Hard times are going to come: sadness due to distance from a certain parent, missed birthdays,  holidays, and milestones, new brothers/sisters stealing the spotlight, etc. These are certain to happen. All you can do is provide a shoulder to cry on, arms to hug, and ears to listen without judgement. Try putting a positive spin on things, bring in stories from your life were you felt similar, let them know they are not alone and that what they are feeling is normal. Your stepchild may even be so comfortable with you to admit that they wish their mom and dad were still together. You better poker-face through it and understand. What kid wouldn't wish this? It has nothing to do with you or your relationship with them. Don't take it personal. In fact by opening this conversation, you are getting closer and you're helping him/her move on. 

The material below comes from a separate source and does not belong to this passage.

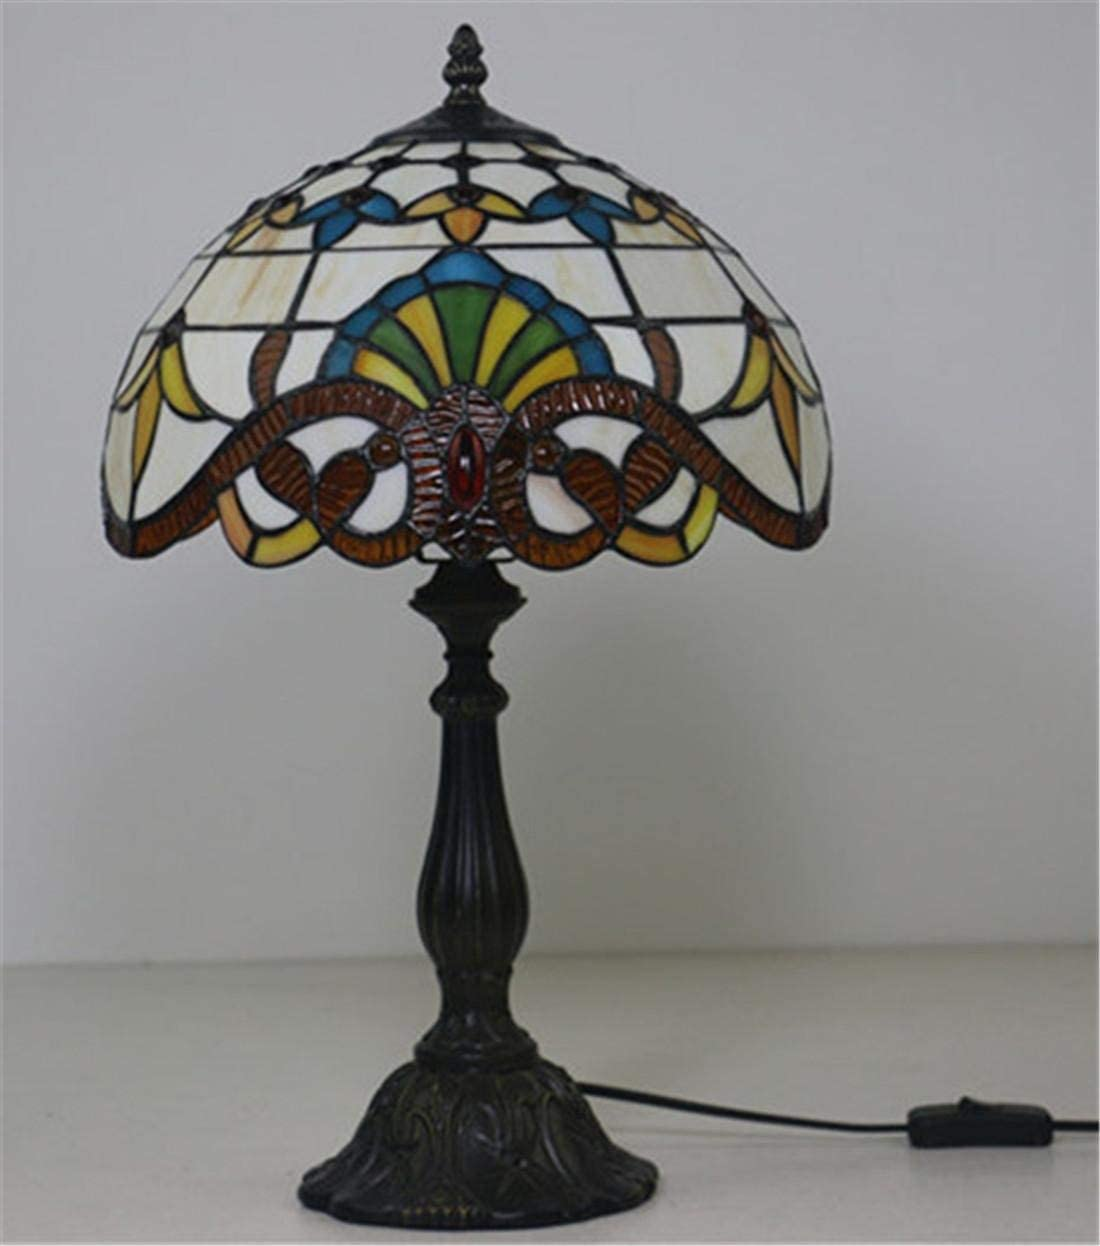 BOSSLV Continental Retro Nostalgia Creative E27 Study Bar Wedding Room Café Parlor Bedchamber Bedside Lamp 2542Cm

This is can be either easy or hard, it really depends on you, but just open your heart. When you fall in love with someone who has a child, you have to fall in love with their child too. There's no way around it if you want to have a happy household. Let them into your heart and make your family a part of it too, after all you are all united now!

Teach them the values and morals you believe in just as you would for your own child. Include them in your decision making. Write down their special days on your calendar. Share a special meal together just the two of you or even a whole day! Make them a part of what makes you happy. Soon enough, they'll take hold of a place in your heart you didn't even know existed.

People have told me that I'm not a parent because I "didn't have her" or that its not equally important or valuable, but I disagree. I form part of an amazing team of four parents, each willing to give life and limb for our child. I am a parent because this little one gives me a sense of purpose that nothing else in my life can match. I am a parent because I choose to be one. I applaud you for choosing to be one too. 




This was a long one, I know! Its just something I'm incredibly passionate about. 
Thank you for reading!

Are you a stepparent? What other tips and/or advice have helped you?